An Openreach van sporting a sticker equating filtering up its near side with suicide has been spotted outside an exchange in Nottinghamshire. The sticker was reportedly added by the driver. Openreach has apologised and said it has now been removed.
A subsidiary of BT Group, Openreach owns the pipes and telephone cables connecting almost all businesses and homes in the United Kingdom to the national broadband and telephone network. The firm does not deal with customers directly, but is accountable to the various telecoms providers.
Twitter user Kimberley spotted the vehicle.
— Kimberley (@Kimberleytew) July 25, 2017
It is not illegal to pass slow or stationary traffic on the left – and where there is a cycle lane, a cyclist is highly likely to be passing a queue of stationary traffic to their right.
When the sticker was brought to the attention of Openreach, a member of the team manning the company’s Twitter account responded to one complaint, saying “please accept my apologies for this. I've raised this with the engineer's manager and this will be dealt with.”
Our own David Arthur was later told: “The driver is a cyclist and was trying to promote safety.
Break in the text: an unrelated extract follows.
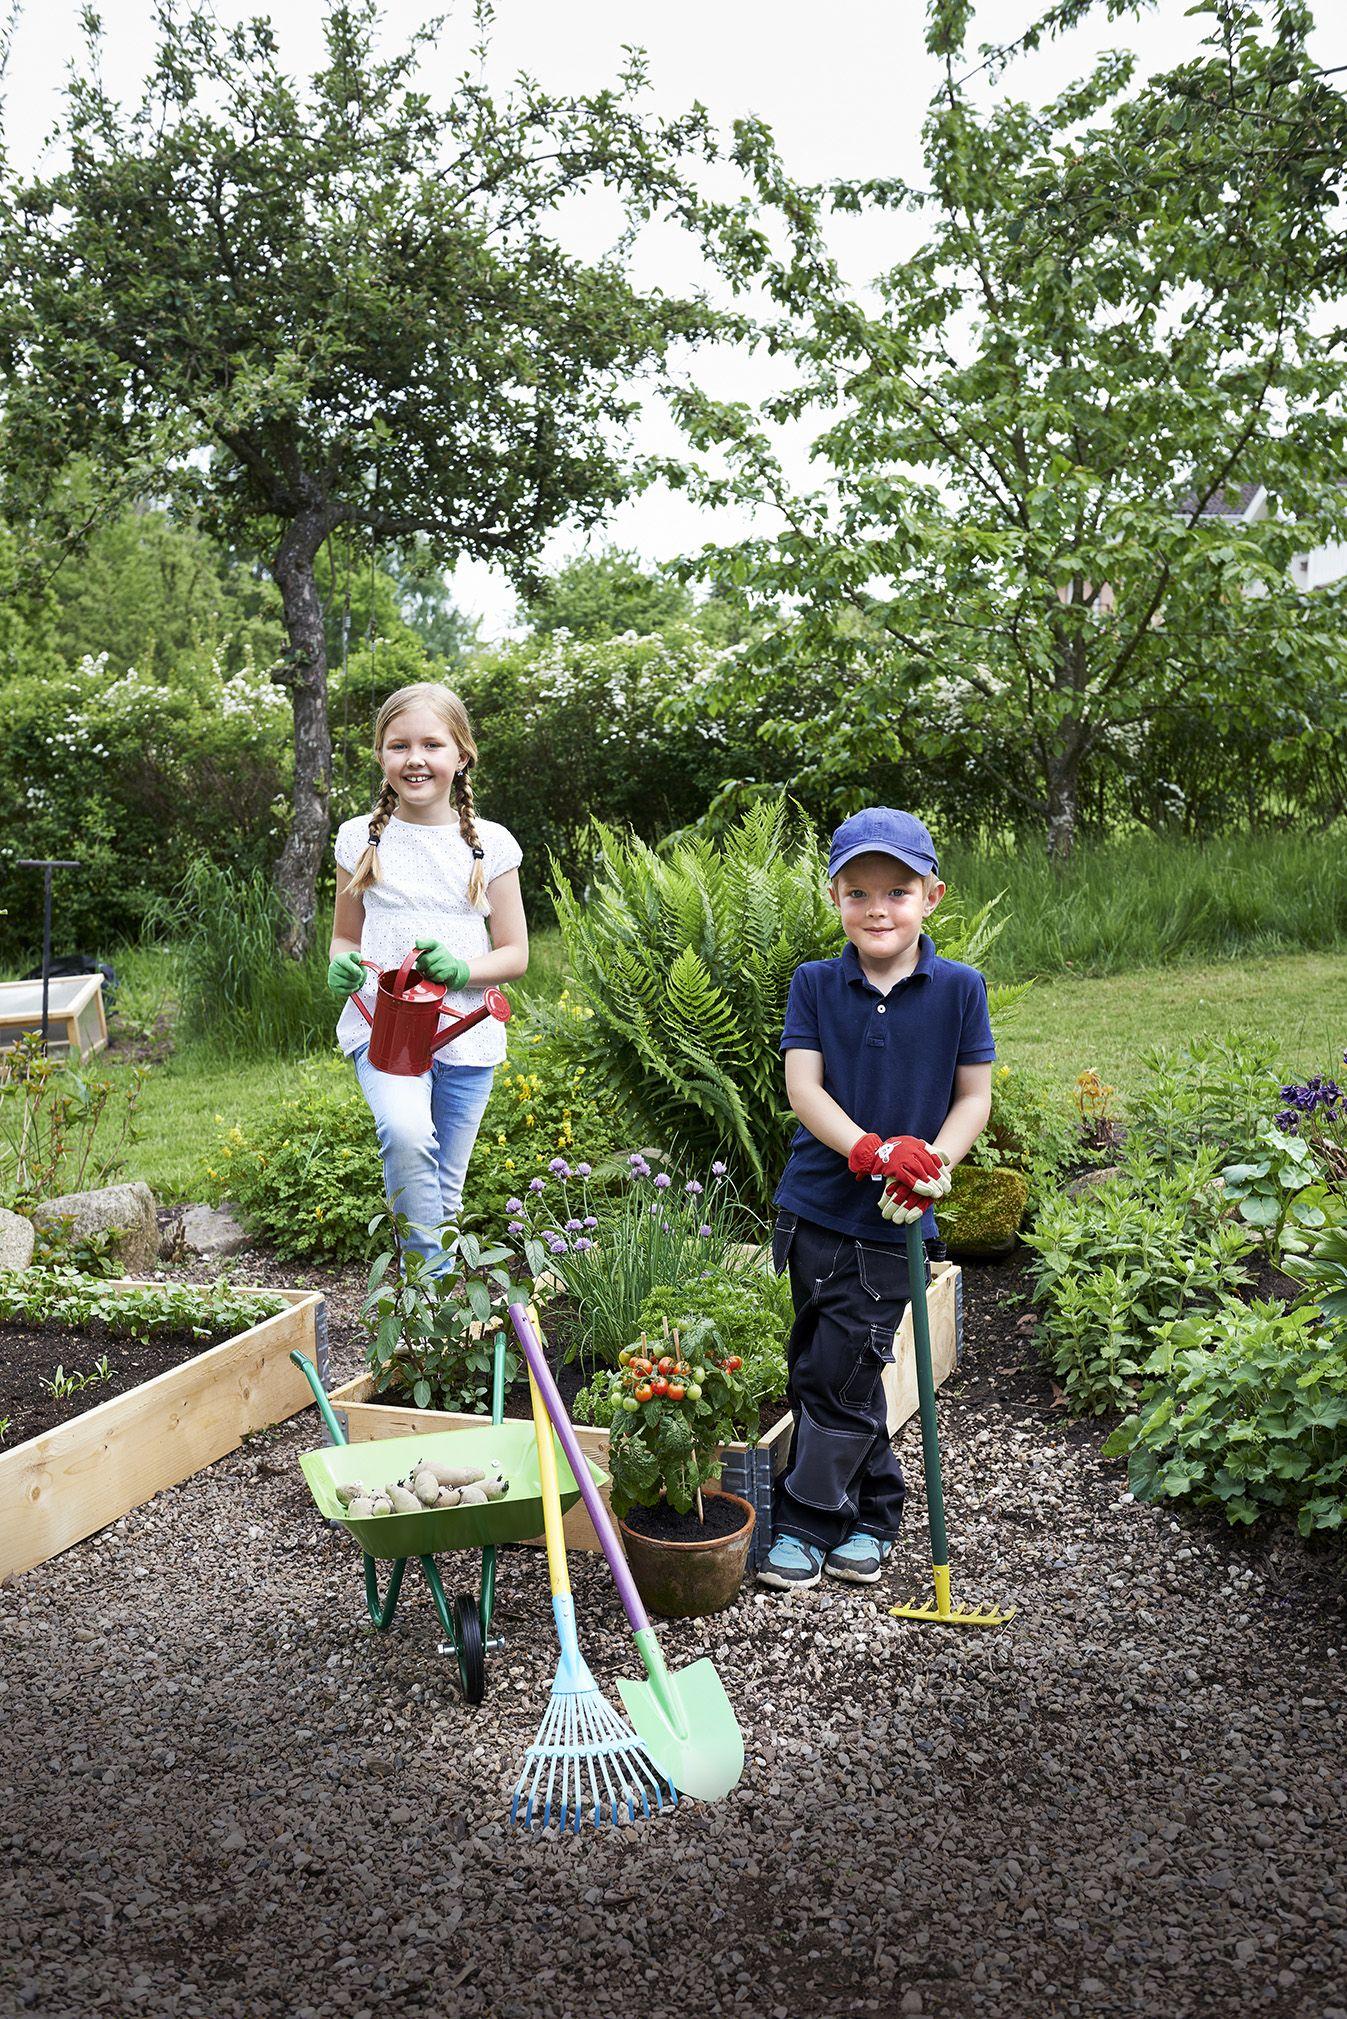 Ota lapset mukaan puutarhanhoitamiseen! Omilla, oikeankokoisilla välineillä työt sujuvat helposti.

This wasn't meant to cause upset and has been removed.”
An Openreach spokesman said: “Road safety is absolutely paramount at Openreach and we’re sorry if this caused any distress.
“The sticker was put on one of our vans by a cyclist with the best intentions, but it doesn’t adhere to our policies so we’ll be removing it immediately.”
The sticker also brought to mind one that featured on some Edinburgh and Glasgow buses, produced as part of Scotland’s controversial Nice Way Code road safety campaign.